Monday, May 22, 2006

The Sopranos: 'Cold Stones' (6x11)

I loved the beginning of this season, everything through the first six episodes had a really clear direction and pushed things in unexpected ways. However, in these past few episodes, everything seems to be moving back toward the traditional status quo for the series. I couldn't help but feel that this episode was a bit of a let down, sticking with subdued gloom of the past couple of episodes when the narrative seems to be demanding some kind of major event, or at least a deeper exploration of what's happening to the characters.

One of my favorite arcs of this season was Vito's journey. In Live Free or Die and Johnny Cakes, we saw a guy breaking away from the world he came from, overcoming restrictive traditional values to embrace a new kind of life. It was unlike anything we'd seen on the show before and watching this guy struggle with his new world was riveting. Last week, it was tough to watch Vito fail at his newly chosen life, but thematically, the idea that no one can escape from the Jersey mob world makes a lot of sense.

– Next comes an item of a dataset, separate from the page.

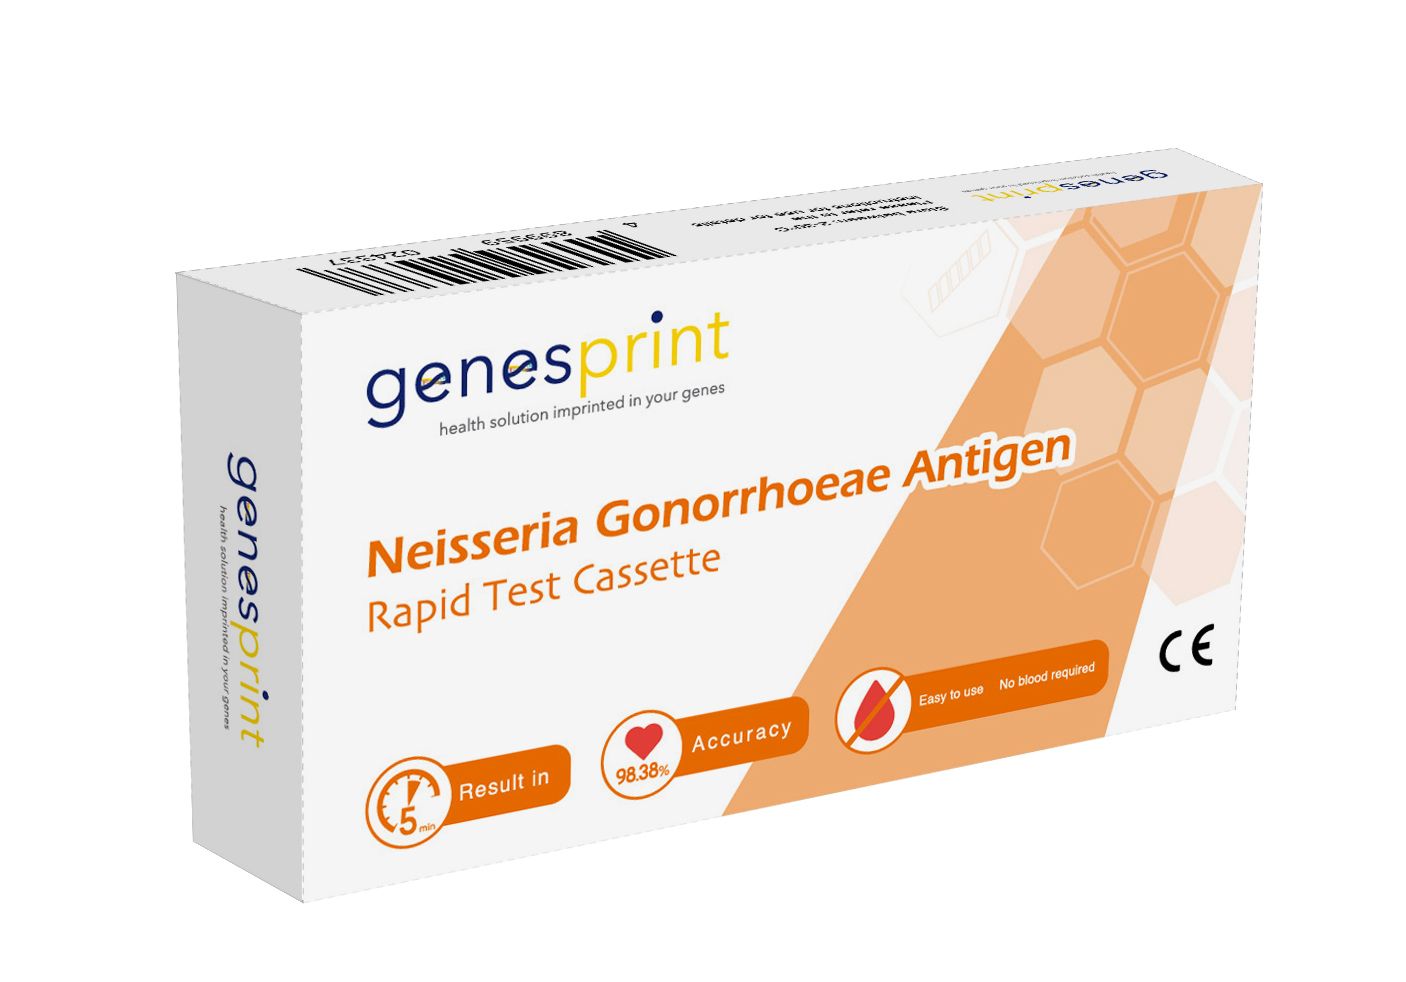 Gonorrhea Rapid Test Kit

So, the major issue I have here is the rather perfunctory nature of Vito's demise. After sketching out this wonderfully nuanced guy, we don't get any glimpse into his emotions upon his return. His attempts to reassimilate are there, but other than the phone call to Jim, there's no sense that he's emotionally conflicted. The way I interpreted it, he basically knew someone was going to kill him when he returned, so the journey home was essentially a suicide. But, is that how he felt, or did he legimitately think that he could get back in with Tony? I think we needed to know more about how he felt.

Chase always subverts audience expectations, and it frequently pays off wonderfully, witness Janice killing Richie in season two. The whole season was building to a moment when Tony's new outlook is put to a test when he has to choose whether to authorize a hit on Vito. There's a lot of drama there, and it seemed to be a major sticking point for Tony. However, this episode completely undermines that by having him decide to just go ahead with the hit, and then absolving him of his guilt by having Phil kill Vito for him.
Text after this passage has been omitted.